Этот подбитый самолет — было торжество тех (детей в том числе — мы восторженно хлопали в ладоши), кто несколько дней видел пламя и кошмарный дым, поднимавшийся над знаменитыми продовольственными складами («бадаевскими», на всю жизнь запомнилось) — так был обеспечен этот страшный голод блокадного Ленинграда. Помню, как нас — маму, сестру и меня — не пустили в бомбоубежище… И знаменитая «тарелка» — радио, которое никогда не выключалось, и всегда звучал метроном… Это жутко…
Такая четкость запечатленных в сознании событий и жесткая их эмоциональная окраска означает: то, что было пережито, выходило за грани возможного.
Реакция механизмов запоминания была невероятная. Психологическая нагрузка — страшная.
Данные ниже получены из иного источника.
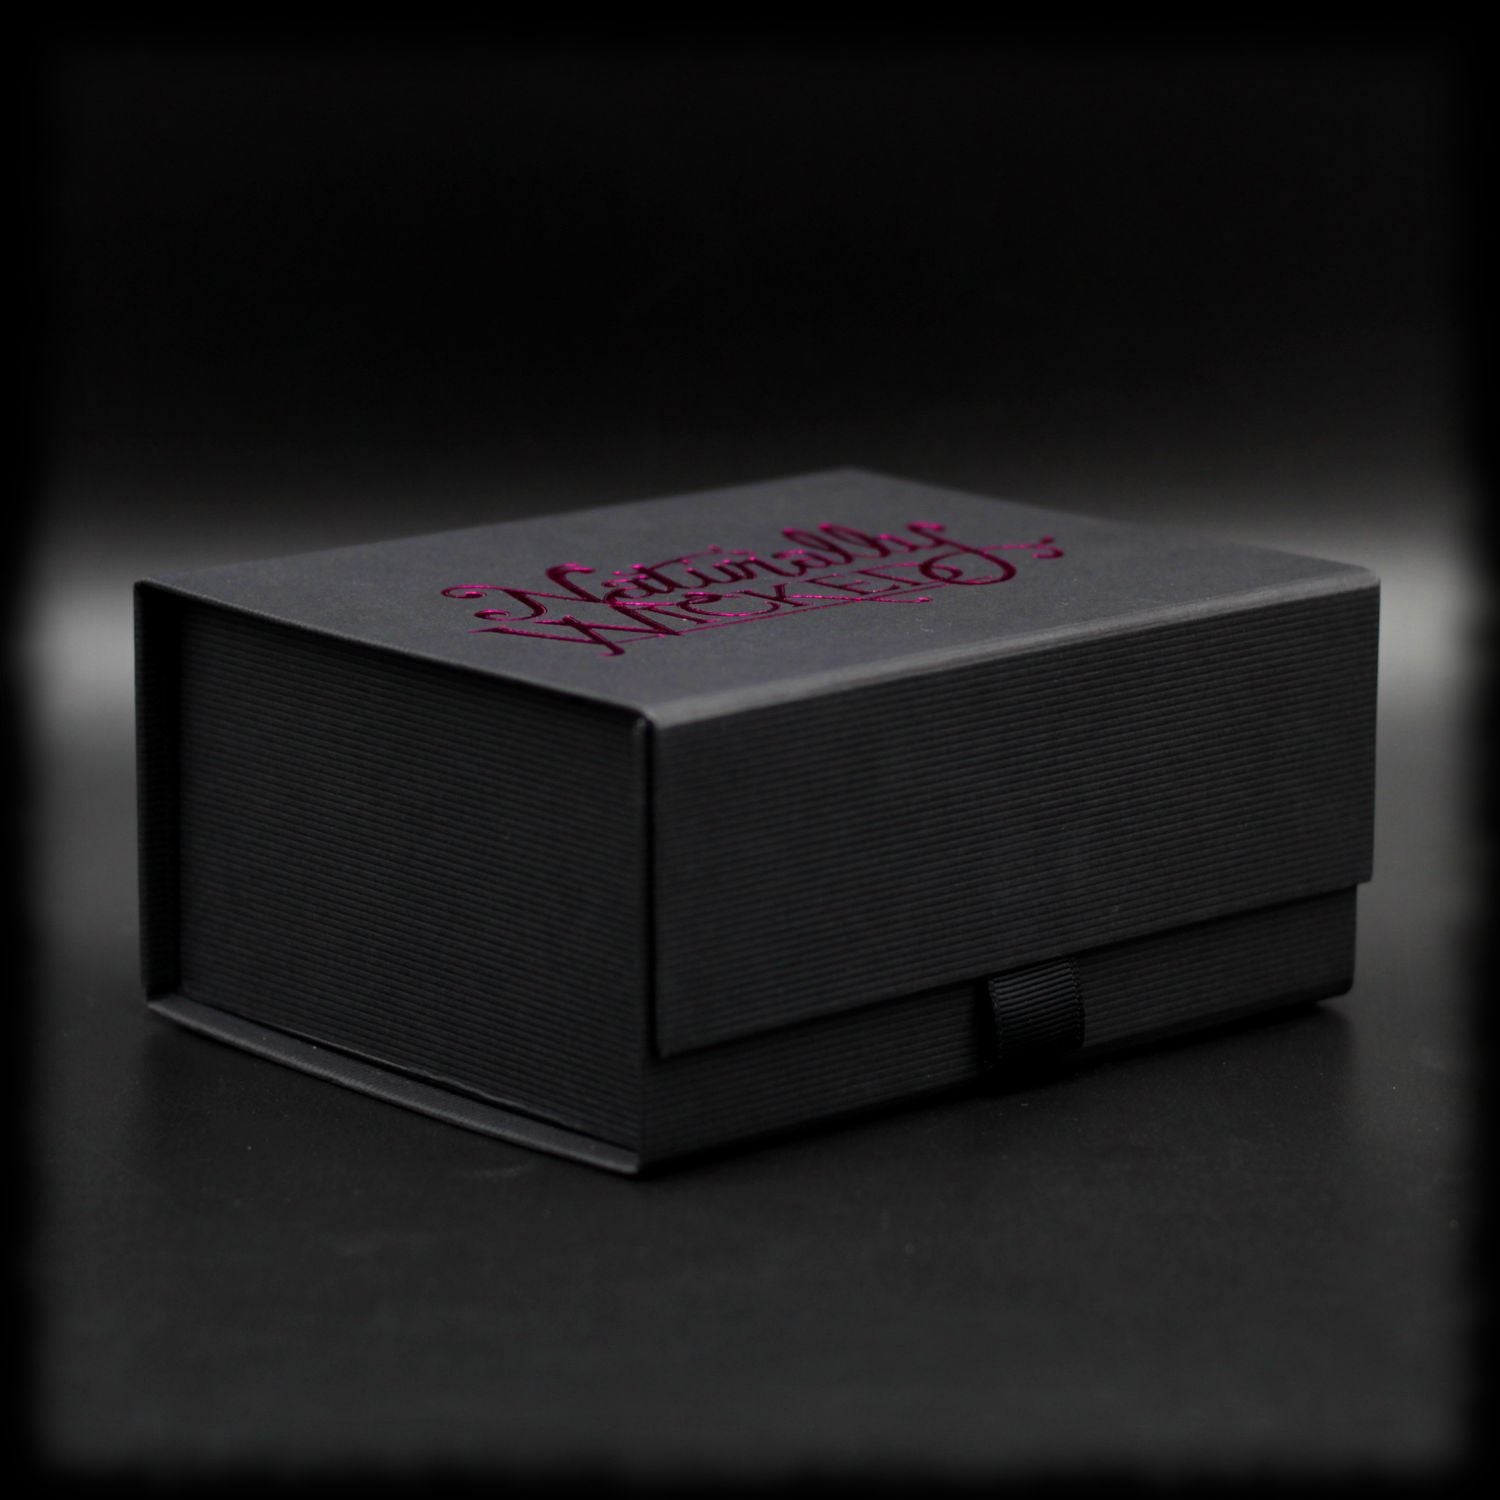 Naturally Wicked Original 3 Step Beauty Kit Box; Dark black with Metallic Pink Naturally Wicked Logo

Как я теперь понимаю, то, что это не кончилось нервным срывом и даже психическим нездоровьем, — чудо… Это время я не просто помню, оно впечатано в меня, буквально впечатано, я и сегодня помню каждое его мгновение…
Хорошо помню тот вечер, когда мама забрала меня из поезда, на котором нас с тетушкой должны были увозить в эвакуацию: я возвращался домой с мамой, держал ее за руку, и было счастливое ощущение: домой!.. Вот только тогда я понял, что это такое: домой… «Олимпия», мой сад; лето, все еще было очень прозрачно, светло…
Мы пришли домой — обычно полный соседями, дом был непривычно и потому тревожно пуст. Папу уже забрали в армию (мы этого не знали), сестра была у бабушки… С этого момента все точно фиксировано внутри.
— Где вы жили тогда?
— Угол Международного и Клинского проспектов. Потом «Международный» стал называться «Проспектом Сталина». А сейчас он называется «Московский». И «Петербург» тогда, конечно, был для меня «Ленинградом». Тогда «Ленинград» — и только. Я даже вряд ли знал о том, что был «Петербург». Мне все-таки было четыре года… и еще, и уже.
Мы жили в коммуналке, четыре семьи. У нас была комната, было свое жилье. Мы очень спокойно контактировали друг с другом, и было такое ощущение, что иначе жить просто невозможно.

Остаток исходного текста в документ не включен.